**Problem statement:**
Copy nothing but the lines below, from the one with "Xả súng chấn" through the one with "fond de spirale", exactly as written; no pictures should appear.

**The data:**
= = = = =

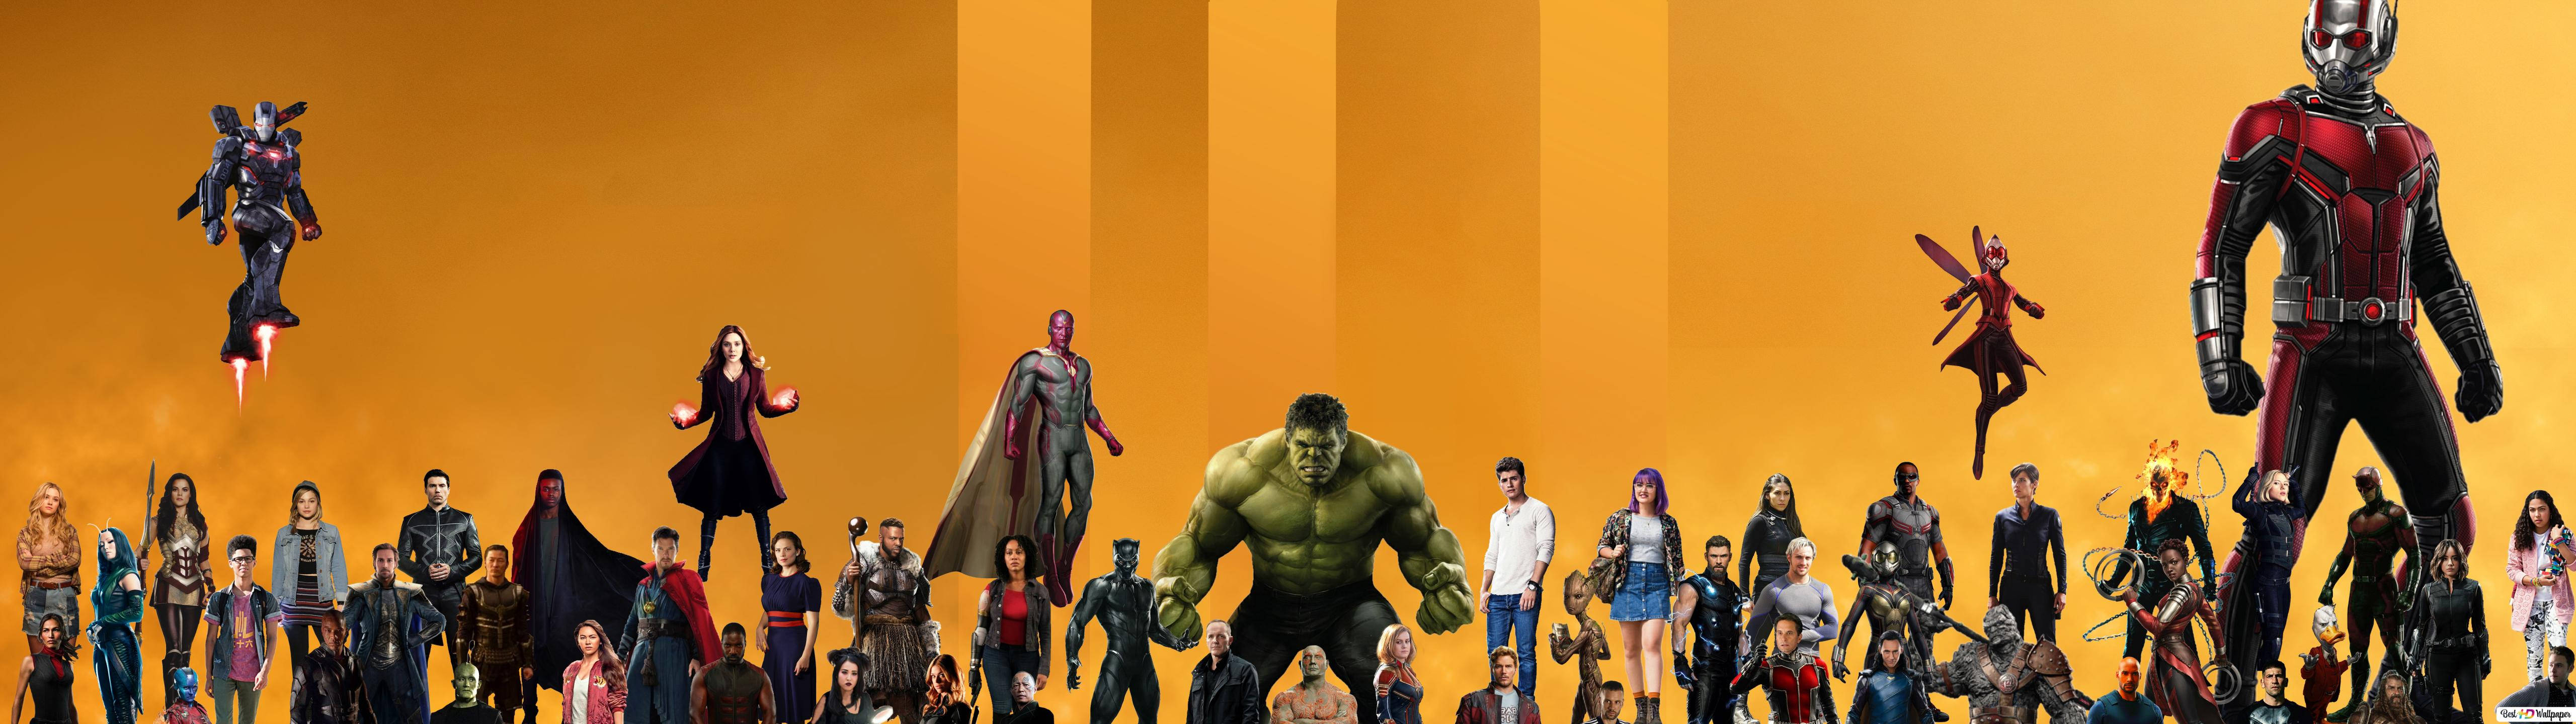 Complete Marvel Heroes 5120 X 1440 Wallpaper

= = = = =

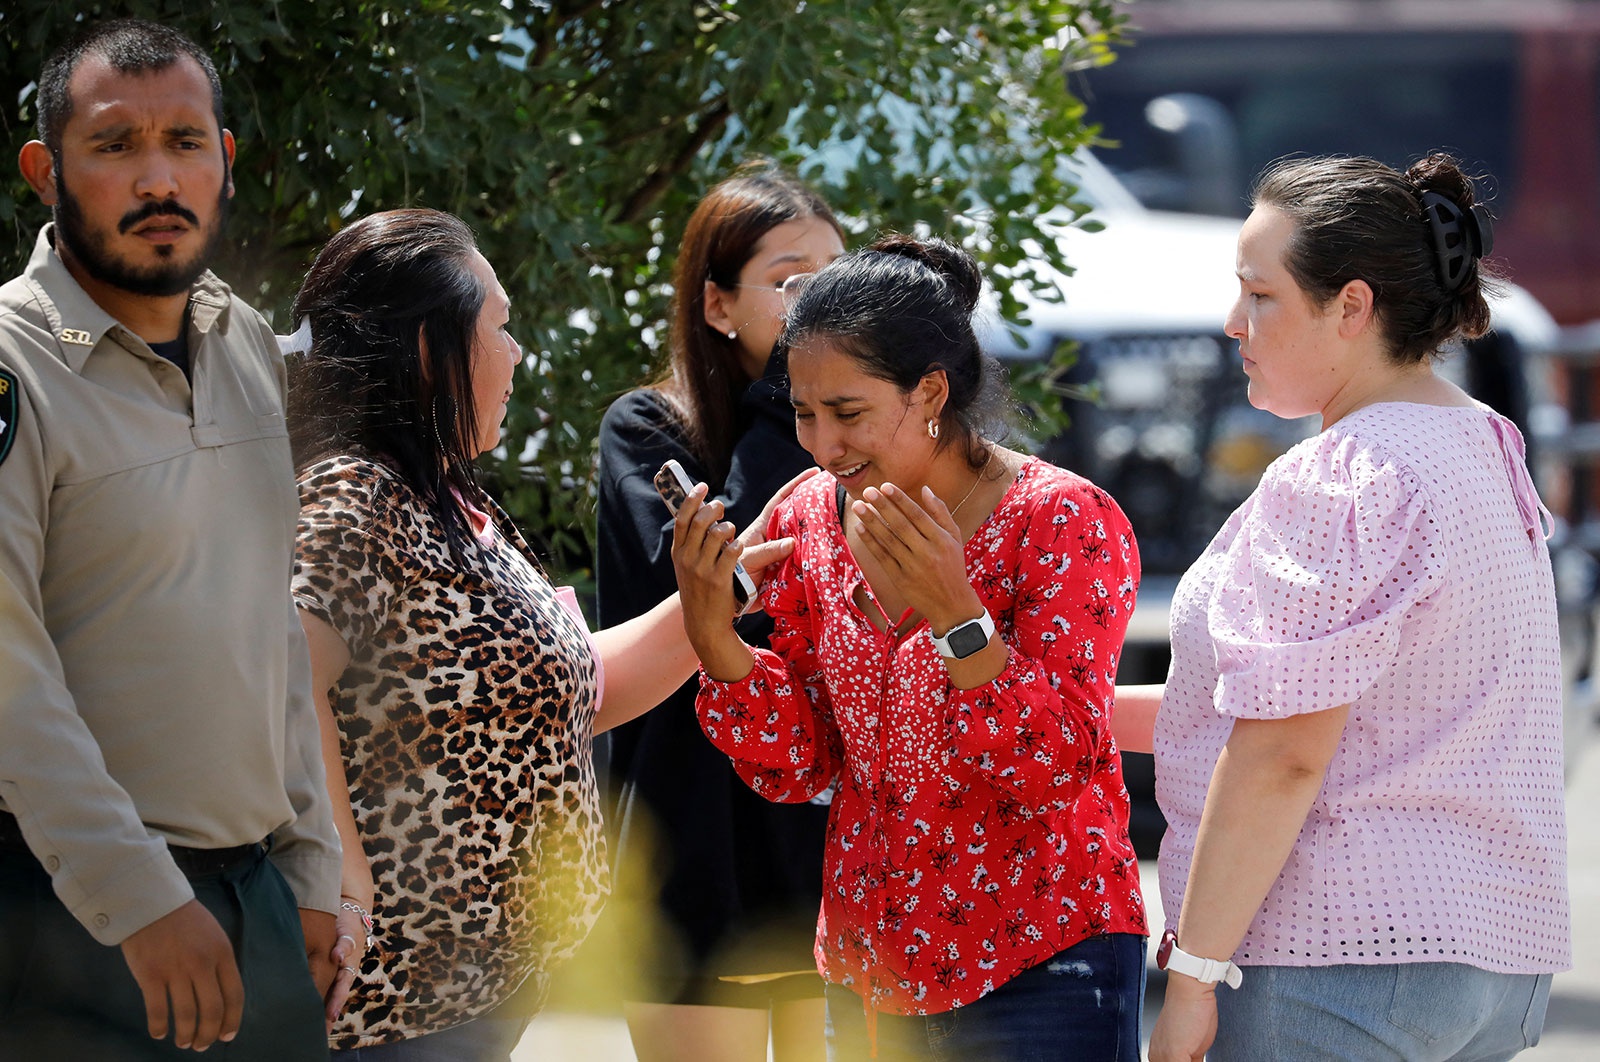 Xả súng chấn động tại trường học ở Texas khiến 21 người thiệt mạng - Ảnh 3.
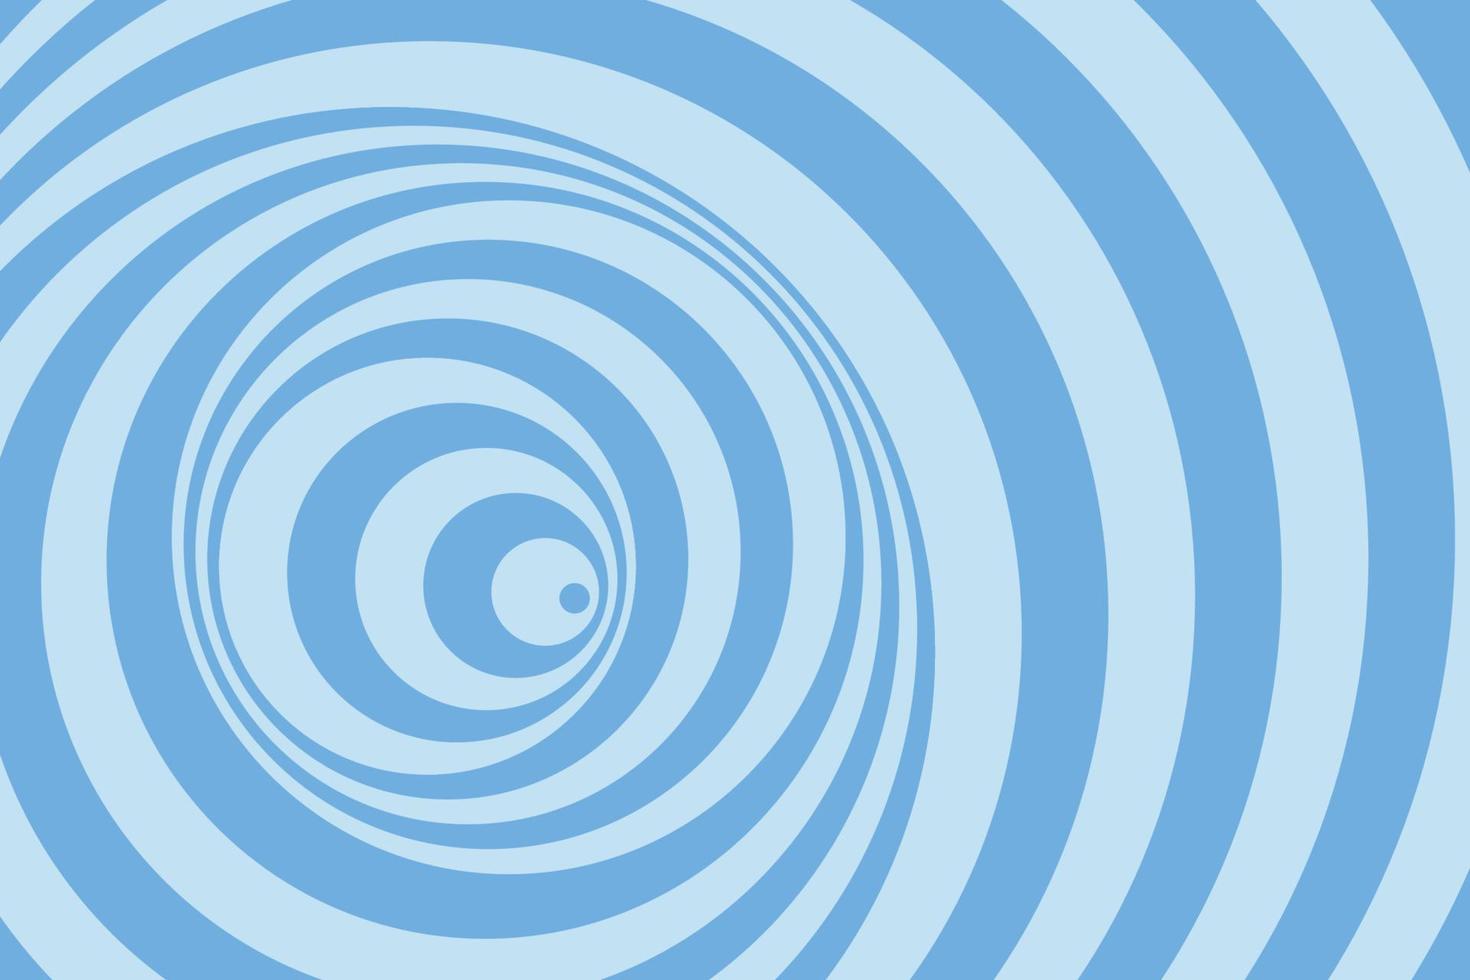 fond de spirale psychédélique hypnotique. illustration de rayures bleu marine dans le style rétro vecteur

= = = = =

**Written answer:**
 Xả súng chấn động tại trường học ở Texas khiến 21 người thiệt mạng - Ảnh 3.
 fond de spirale psychédélique hypnotique. illustration de rayures bleu marine dans le style rétro vecteur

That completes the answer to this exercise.